Maine fans of “Rent” say the show resonates 25 years later because society is still dealing with many of the same issues, including a public health crisis and the struggle to pay everyday bills. Photo by Amy Boyle

Garske said that in many theaters where the show has played so far, “Rent” has been the first event to be staged at those venues since the pandemic began. So audiences are not only celebrating the stories and songs of “Rent,” but also a return to seeing live theater together.

Plus, “Rent” is a show that is ultimately about people coming together, Garske said.

“You’ve got people of every type and color in the show, it’s very relatable,” said Garske, speaking from Boston, where the tour stopped in mid-October. “It’s so relatable to the times now.”

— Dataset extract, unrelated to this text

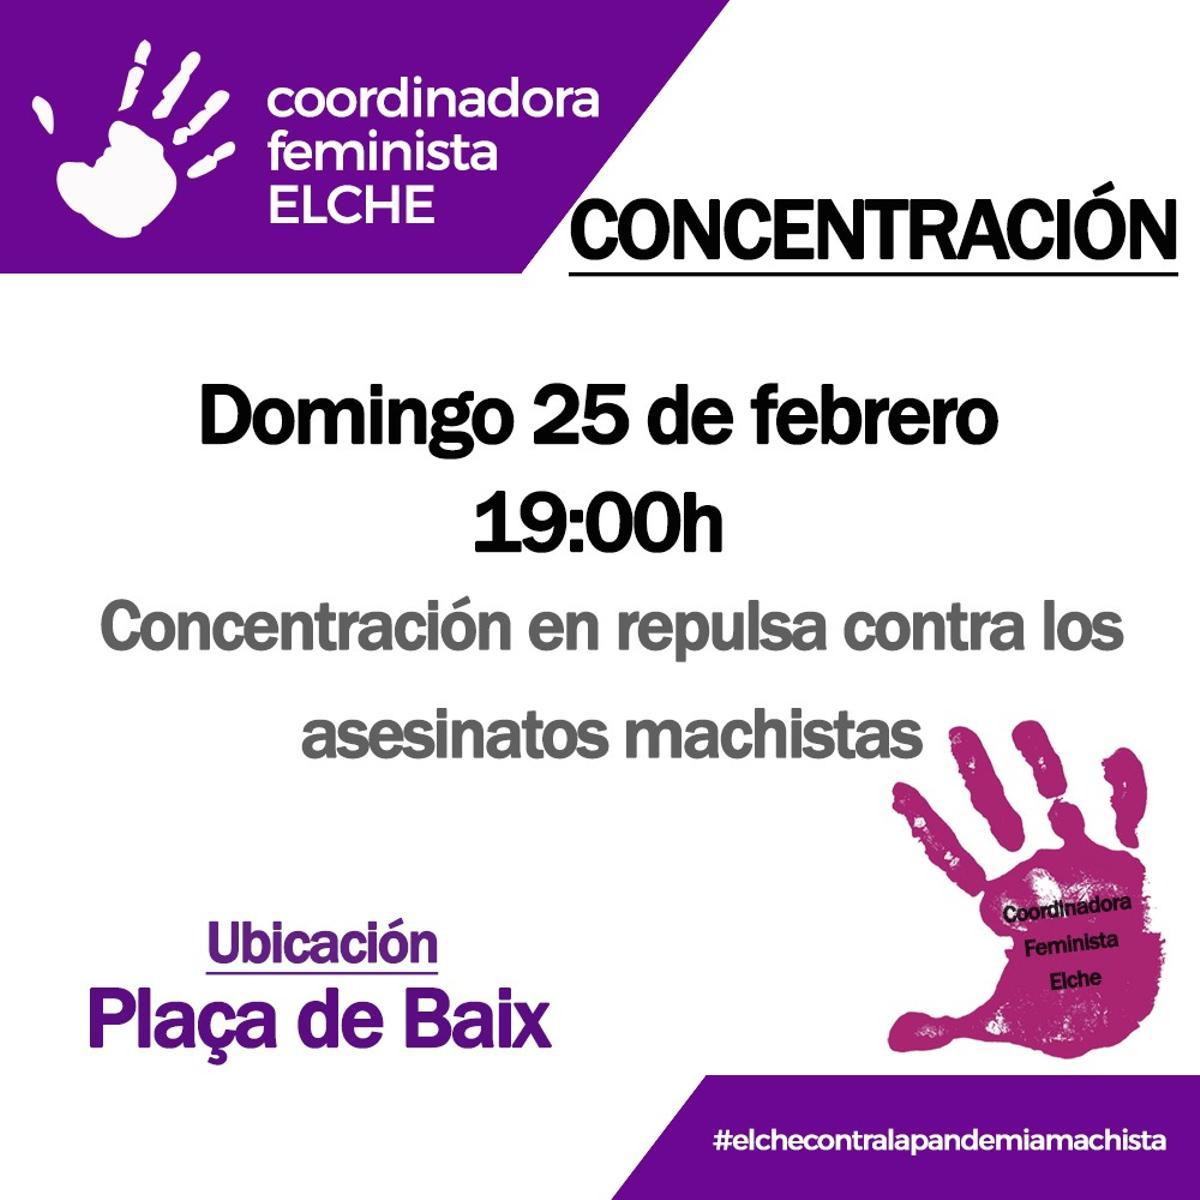 El cartel de la concentración de la Coordinadora Feminista para este domingo en la Plaça Baix de Elche

Michael Tobin, 58, first saw “Rent” on Broadway during its original run. He was one of the so-called “Rent-heads” who waited hours in line for a few $20 tickets made available on show day. As a longtime actor and theater director – he’s currently executive artistic director of Footlights Theatre in Falmouth – Tobin thinks “Rent” was to people in the ’90s what “Hair” was for people in the ’60s. It captured a time and place and spoke to a generation.

Aimee Petrin, executive and artistic director of Portland Ovations, the arts presenter bringing “Rent” to Portland, thinks the show has held up because it rings true with people.

“When it came out, it had a grit to it, it didn’t feel sparkly and polished,” said Petrin. “It spoke to people because of its honesty.”